The jury convicted Carter of first-degree murder, robbery, attempted robbery, and burglary on June 27, 1990. He was sentenced to life in prison.
Carter was released from prison on parole on November 4, 2016. On March 12, 2018, the Innocence Project at the University of Virginia School of Law, working with a pro bono attorney at the Davis Polk law firm in New York, submitted a pardon application to then-Governor Terry McAuliffe.
The application noted the conflicting witness statements about the assailant’s attire and their initial inability to make an identification. It also said the prosecution’s theory of the crime made no sense.
First, Carter had just received a big lump sum for an injury that left him without full use of his dominant hand. Second, the robbery was of a co-worker who lived at a cheap motel, a place where Carter once lived and people would recognize him. Third, if Carter and Whitehead were going to rob someone, why would they tip off Pavona ahead of time? And finally, despite the savagery of the attack, no forensic or physical evidence connected Carter to the crime.
“Needless to say,” the petition said, “that theory is nothing more than a series of tenuous inferences based solely on a foundation of flawed eyewitness testimony. Put simply, it strains logic.”
The petition also said that Carter’s trial attorney had been ineffective. Whitehead was acquitted a week earlier, and the petition said that the attorney should have presented testimony from a man who testified at Whitehead’s trial about Carter’s demeanor and behavior in the hours after the murder.
But at the heart of the flawed case, the petition said, was the likelihood of misconduct by Detective Ford. He was the lead investigator in the case of the “Norfolk Four,” which led to the wrongful convictions of Eric Wilson, Danial Williams, Derek Tice,
and Joseph Dick Jr.
On October 27, 2010, a federal jury convicted Ford of two counts of extortion and one of lying to the FBI. He was sentenced to 12 1/2 years in prison. Ford was convicted of shaking down criminal defendants for thousands of dollars in return for falsely identifying them as informants who had helped solve homicides. Ford was responsible for “closing” nearly 200 homicides over his nearly 30-year career and the identities of most of his “informants” remained secret.

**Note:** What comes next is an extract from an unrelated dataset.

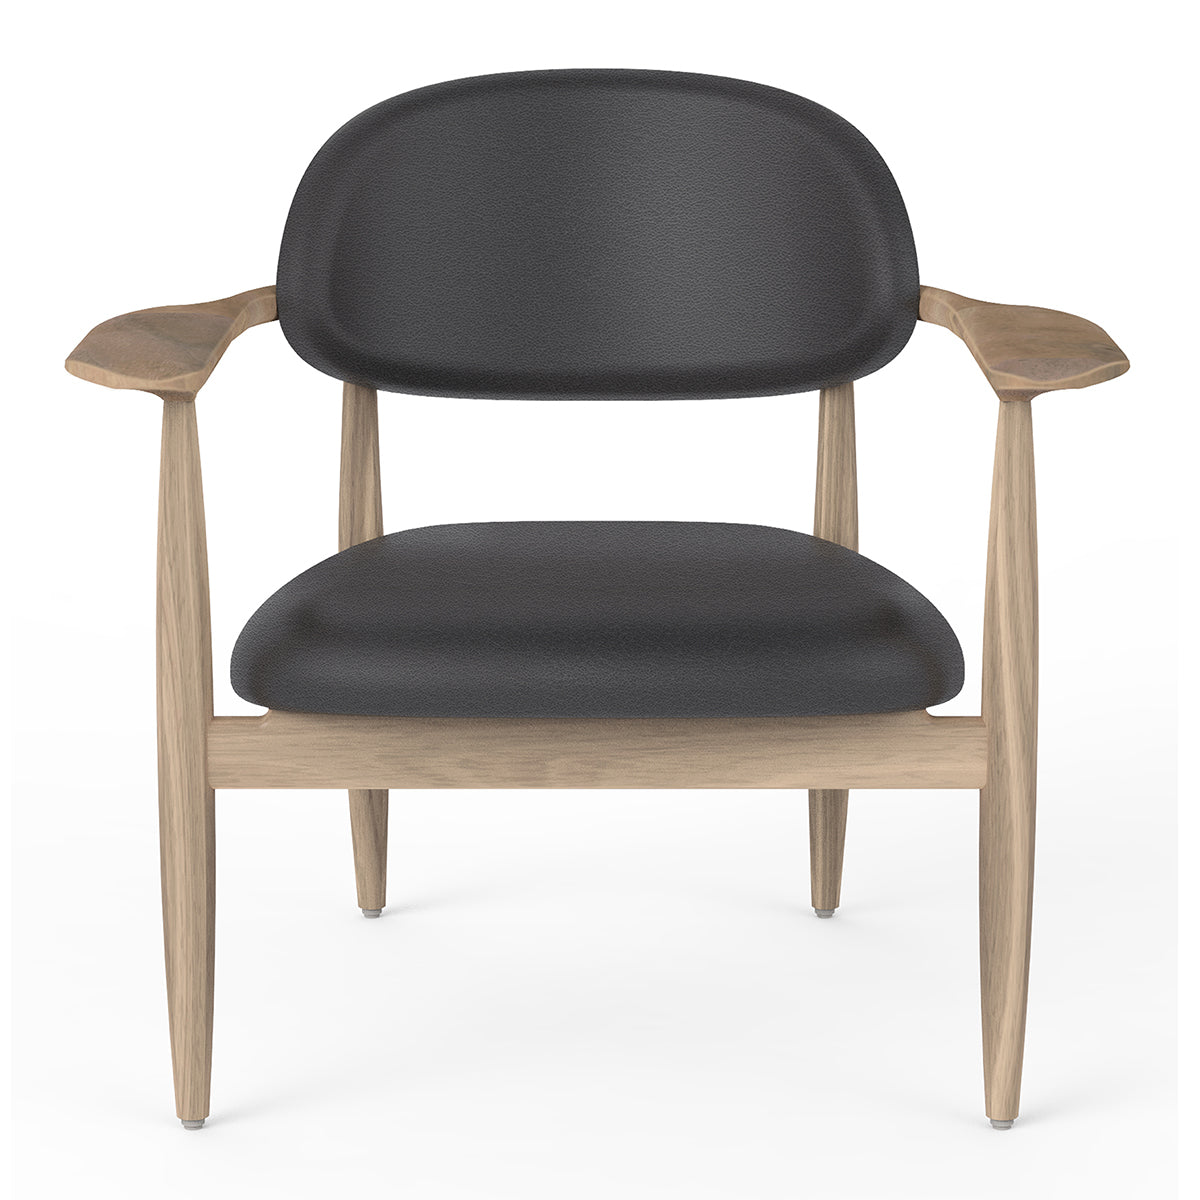 Slow Lounge Chair - Stellar Works - Do Shop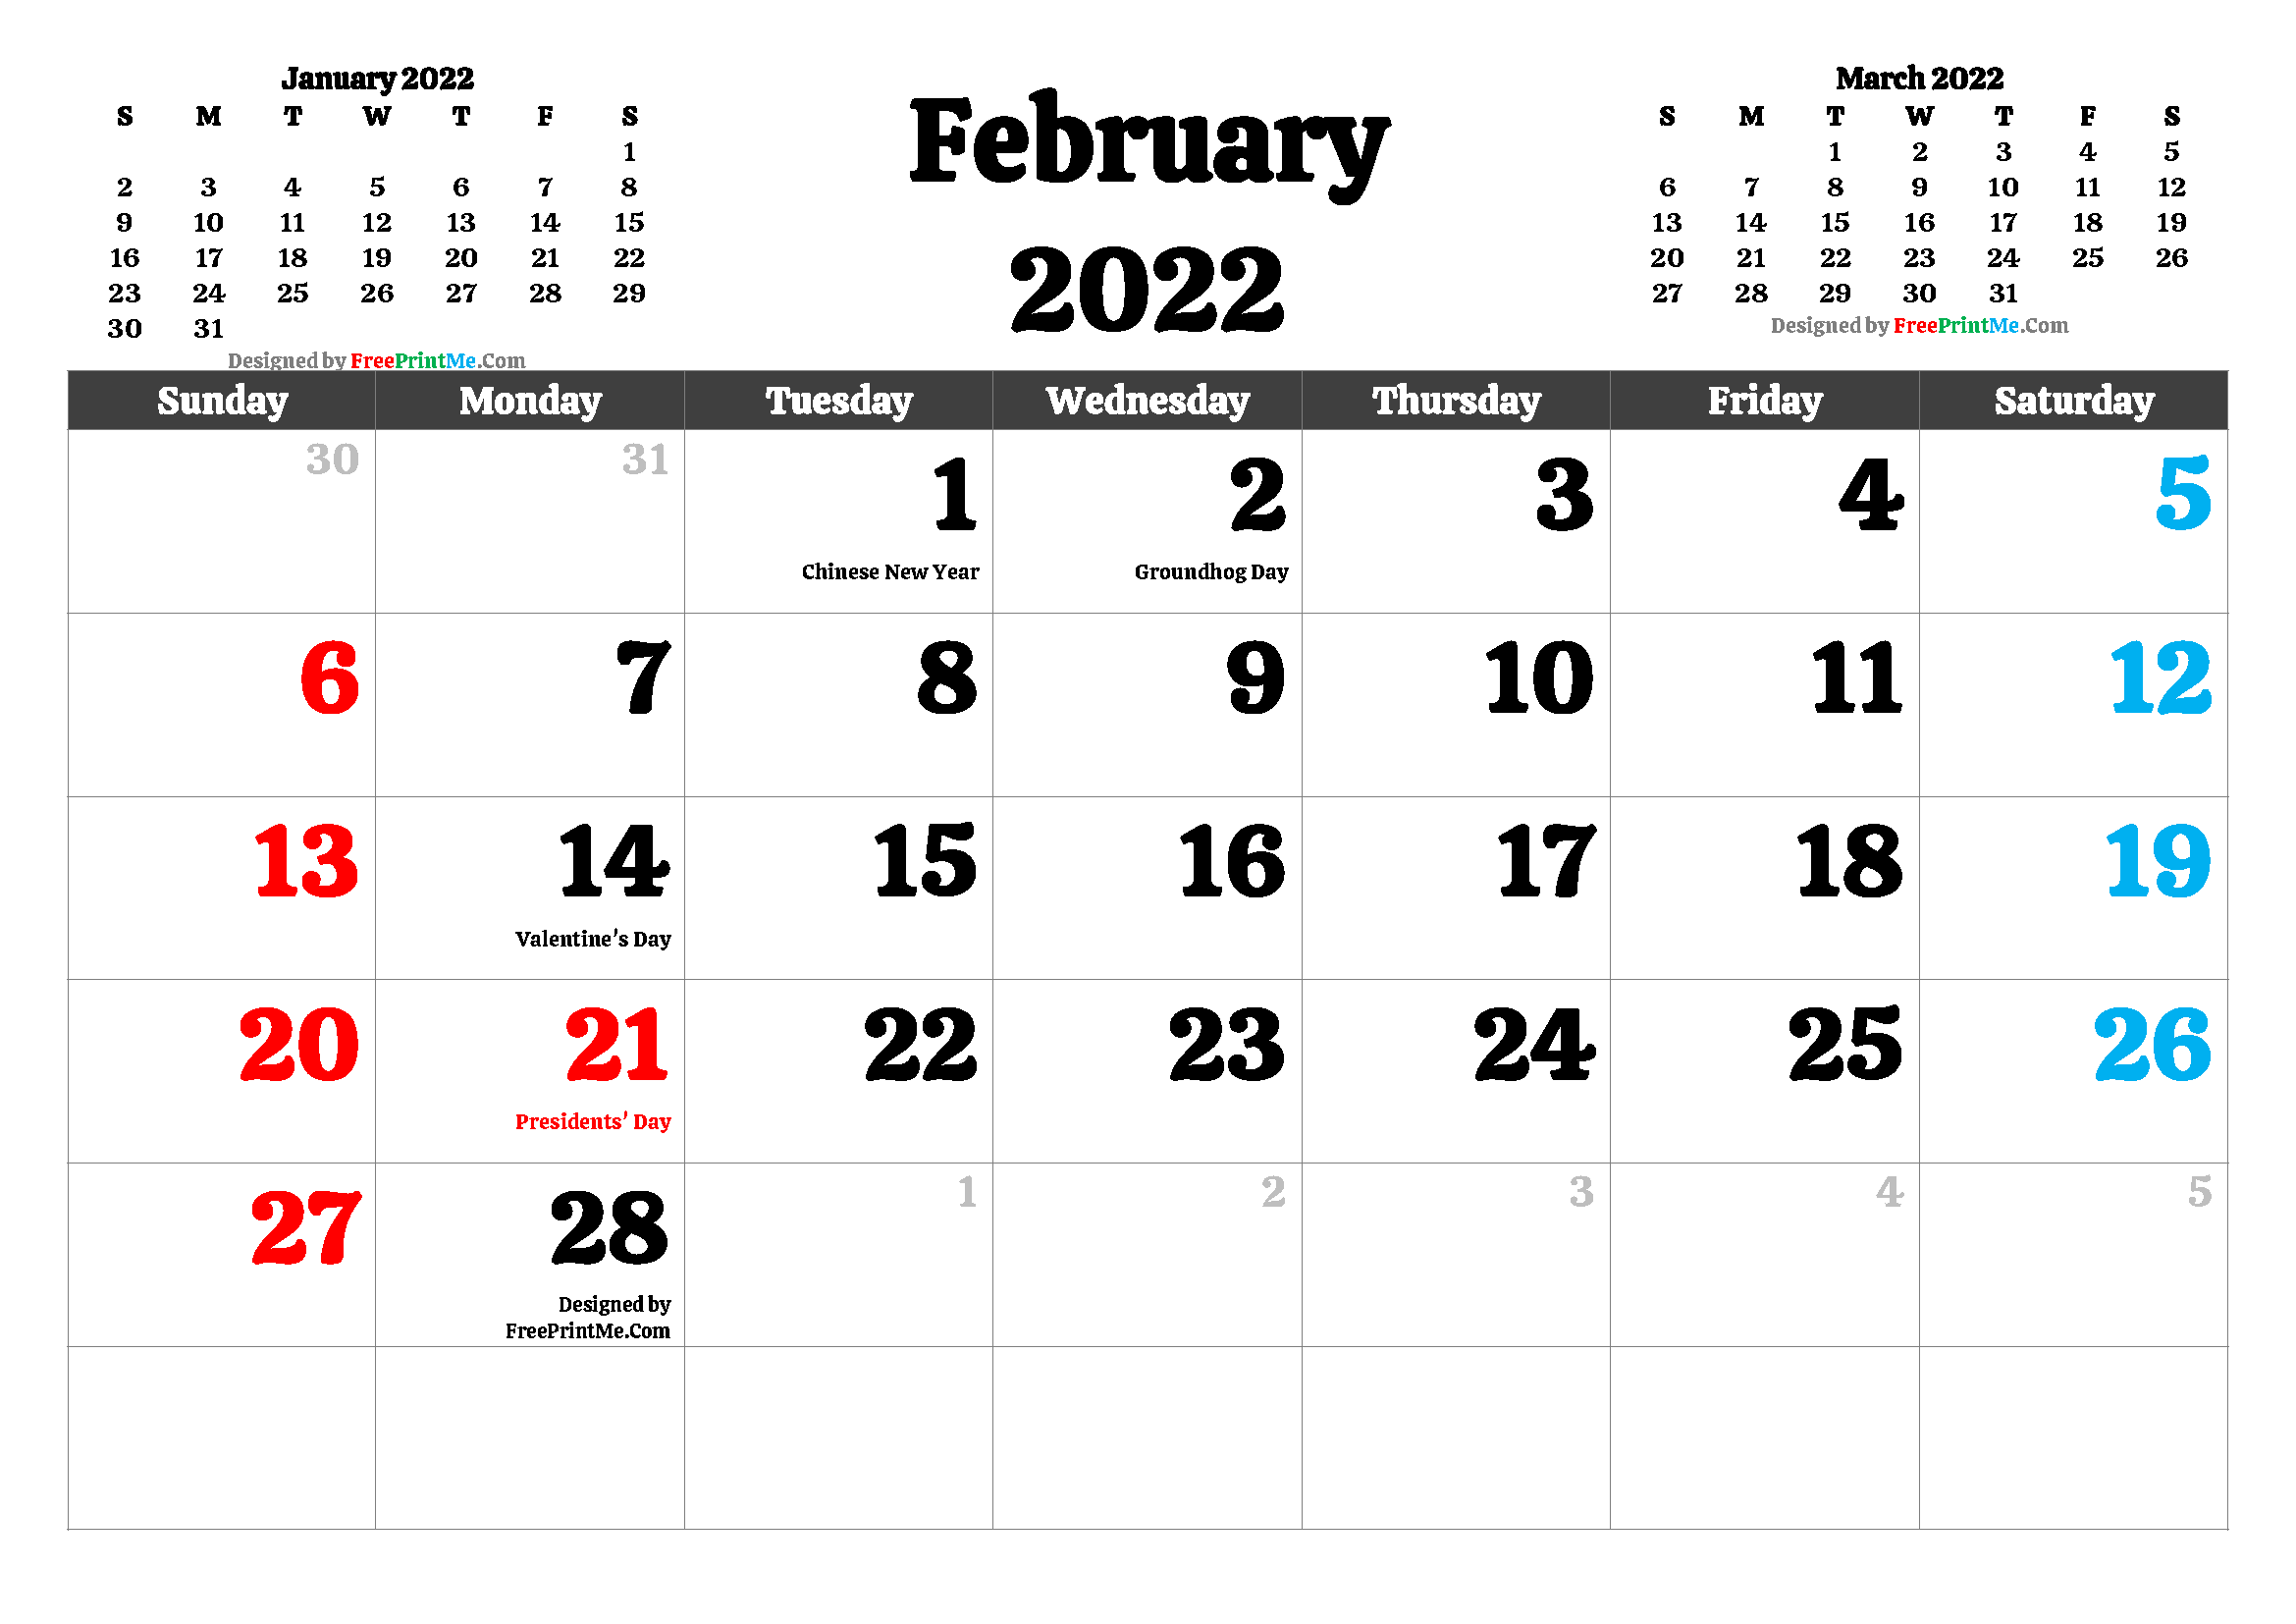 Feb 2022 Holiday Calendar Free Printable February 2022 Calendar Pdf And Image

Carter’s petition said that Ford interrogated Pavona by himself, without recording any part of it. He also did not appear to have investigated Pavona’s involvement in the crime, despite the presence of his fingerprints in the room. “Instead, Detective Ford plowed ahead, arresting Mr. Carter, and getting Mr. Arrellano and Ms. Andrews to identify him as the attacker,” the petition said. “This is, unfortunately, not at all surprising. As is clear now, Detective Ford made a career of this type of coaxing, pressuring, and even threatening witnesses to obtain the evidence and testimony necessary to secure convictions.”
On October 15, 2018, Carter’s legal team sent the governor’s pardon office an affidavit from Andrews, recanting her trial testimony. “The truth is that I have no idea who committed this crime, because I did not get a good look at either man,” she said. Andrews said at the time of the murder, she was in an abusive relationship and would have said anything if she believed it would help her desperate situation.
On August 13, 2021, Gov. Ralph Northam, who succeeded McAuliffe, granted Carter an absolute pardon. He said that Carter had been a model prisoner, successfully finished his parole, and maintained steady employment until forced to retire on disability.
In addition, the pardon noted the lack of physical evidence or motive and the strong likelihood of witness misidentification and “reflects Mr. Carter’s innocence.” It also said Carter “was an unfortunate victim of Norfolk Detective Glenn Ford, who used his official capacity to extort witnesses in order to yield high solvability percentages and was eventually convicted on federal charges.”
The Virginia General Assembly enacted legislation on April 11, 2022, paying Carter $1.5 million in compensation for his wrongful conviction.